Green Meat in Chicken? Here’s What’s Really Going On

You pull your roast chicken out of the oven, it’s all nice and brown and crispy, and you’re starving. You carve in, and stop short. Right there in the meat of the breast, it’s green? What in the world? I’ve been there. That awful moment when you are staring at your meal, the fork poised in space, and you think: “Can I eat this? Am I going to poison myself?” Green chicken meat looks horrid, and your feelings tell you: “Don’t eat it.” But the truth is, it is not always dangerous. Sometimes it is simply a freak of nature. In this article, I shall tell you what green chicken meat really is, what causes it, when it is safe (and in fact it often is), and when it is not at all. Whether it is a raw chicken bought in a grocery store or one that comes from your slow cooker in a queer condition, it is gratifying to know. Let us eat into the ugly and uninviting meat of the matter.
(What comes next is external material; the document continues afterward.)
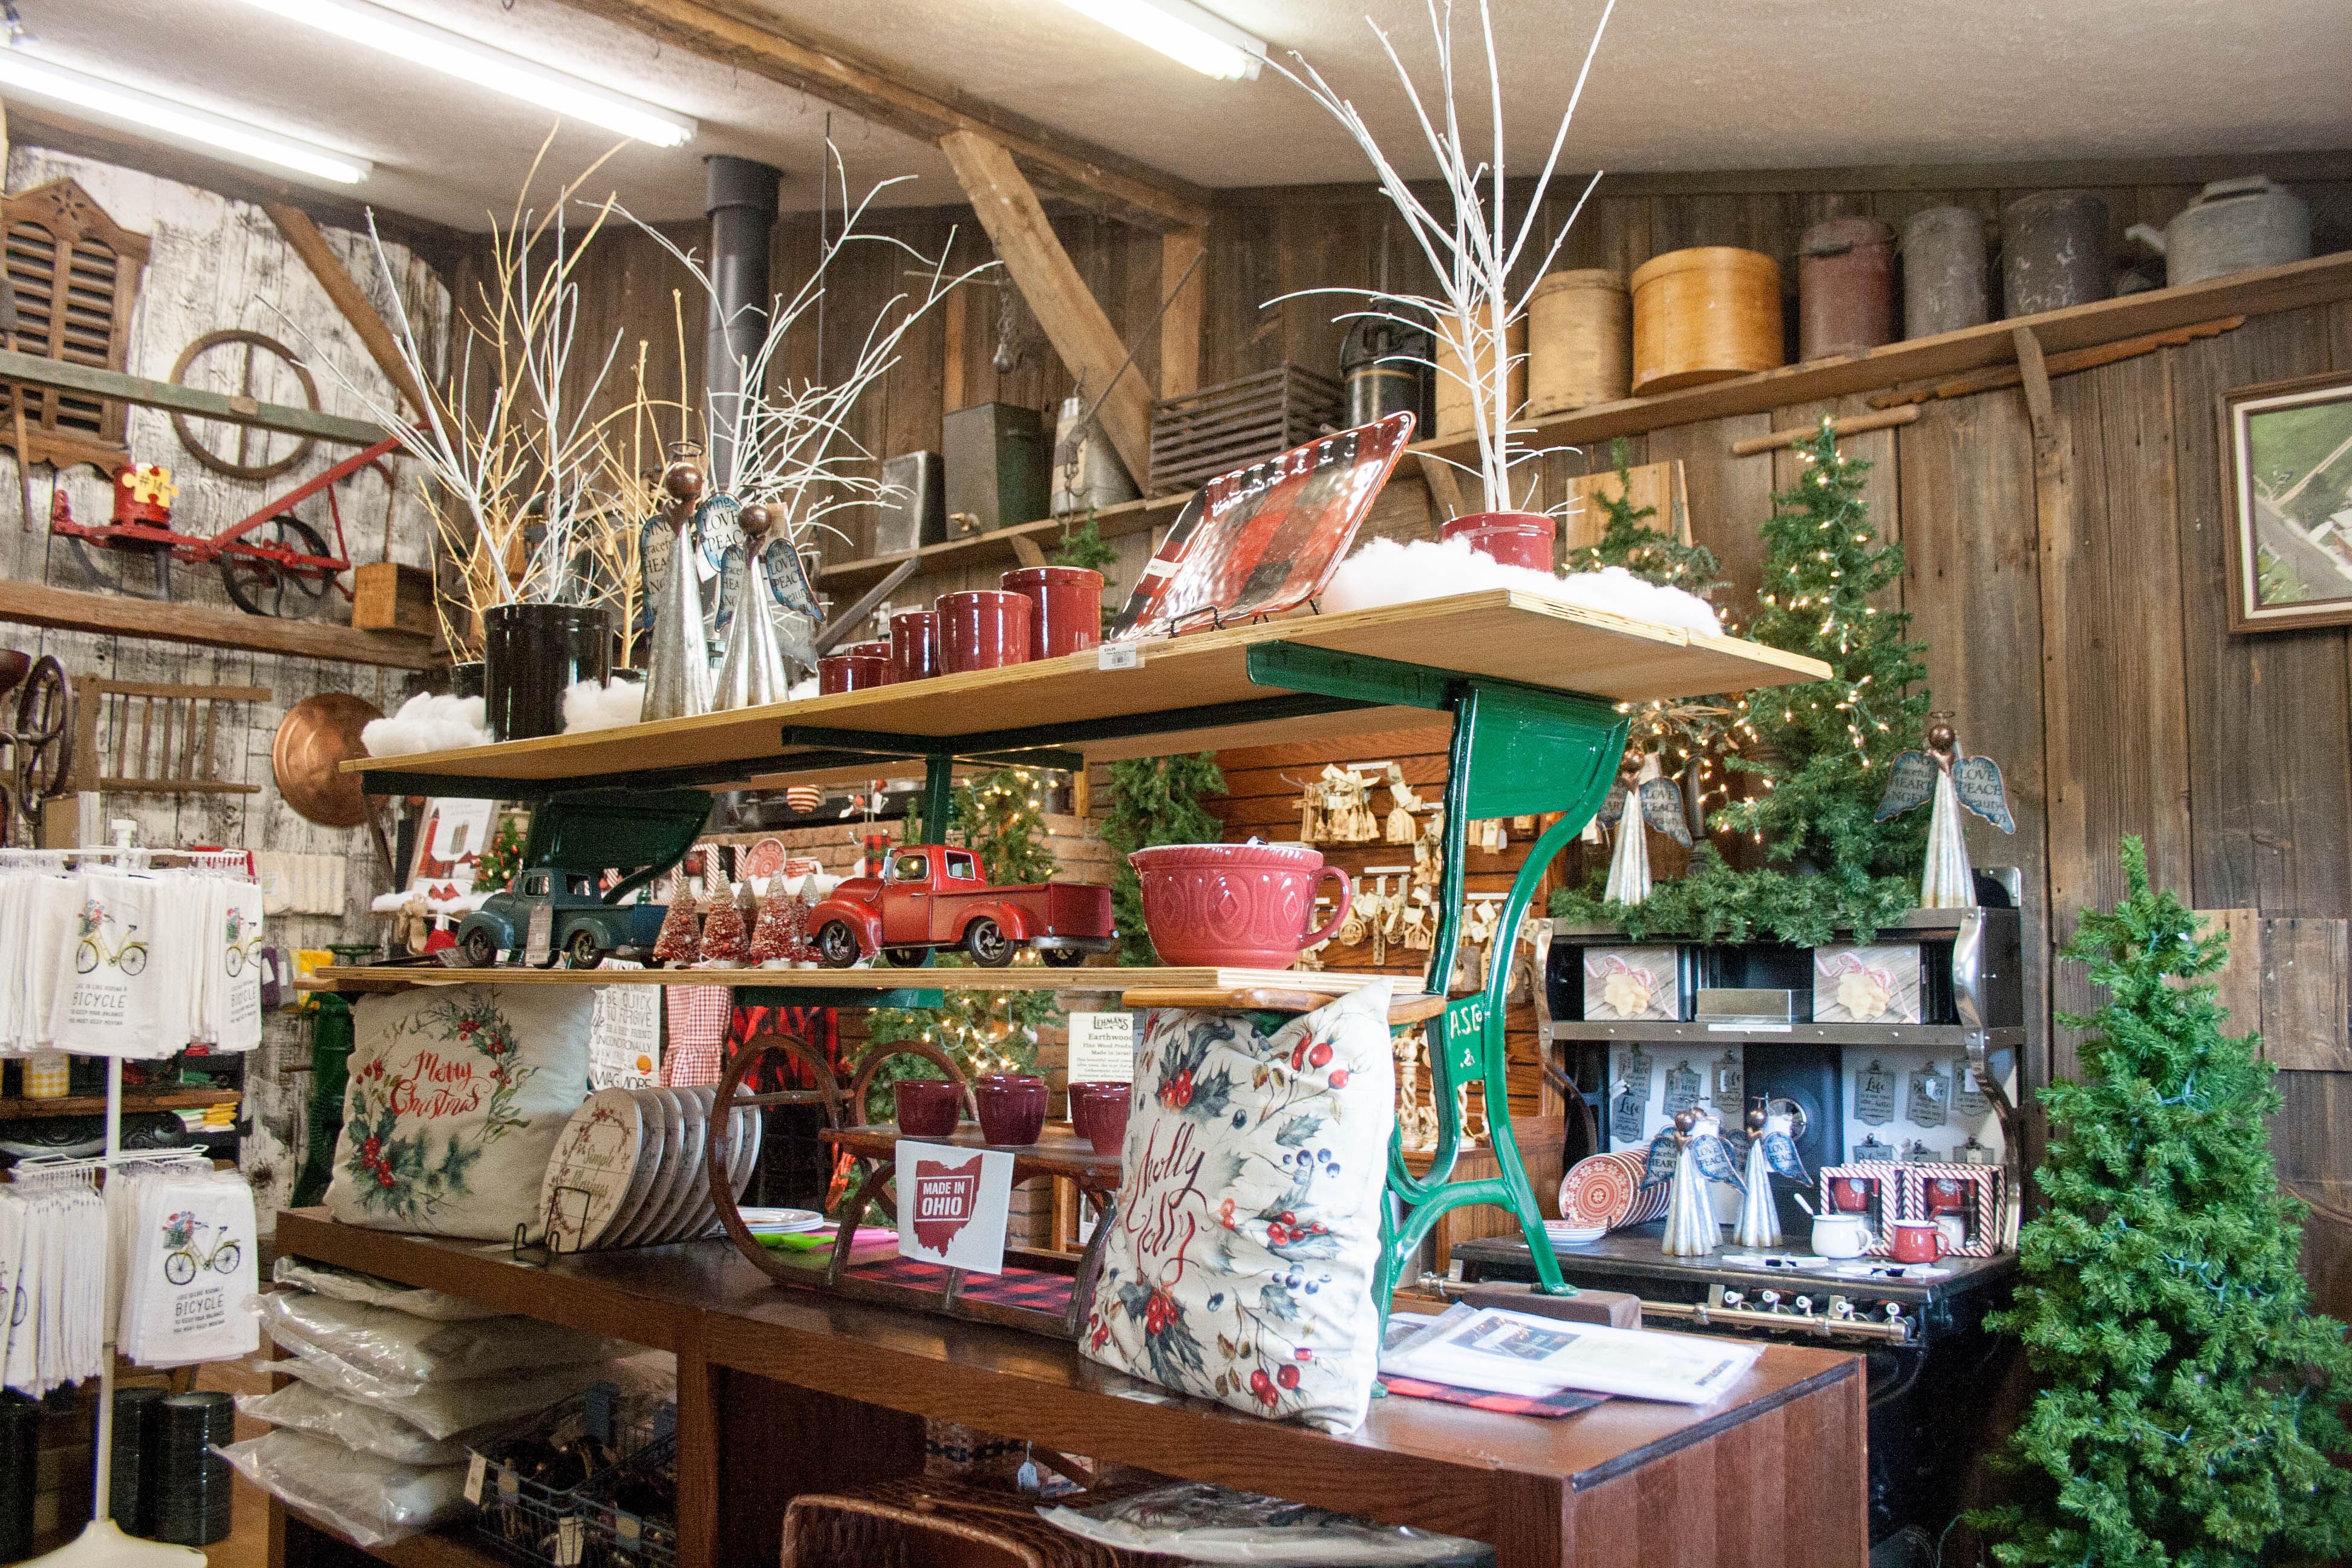 Shop for holiday gifts and ornaments any time in our new Christmas bay.

What Causes Green Meat in Chicken
First, it should be stated that by no means does green chicken meat mean that the bird is not good. Although it looks like an infernal warning signal, it means something due to a number of conditions, some of them quite innocuous, others not. This is what is the matter:

Bruising or Rupture of Blood Vessels
Chickens, like all living things, get bruised. If they are not handled with care before they are killed, or if they flap their wings too severely, the blood vessels in the muscular tissue are broken. Blood can pool under the skin, or deeper in the meat, and as it coagulates it changes color, sometimes becoming a dull green or grayish green. It’s a bit like the bruise on the human body, going from purple to greenish to yellow. Certainly not appetizing, but, as stated previously, not in itself dangerous.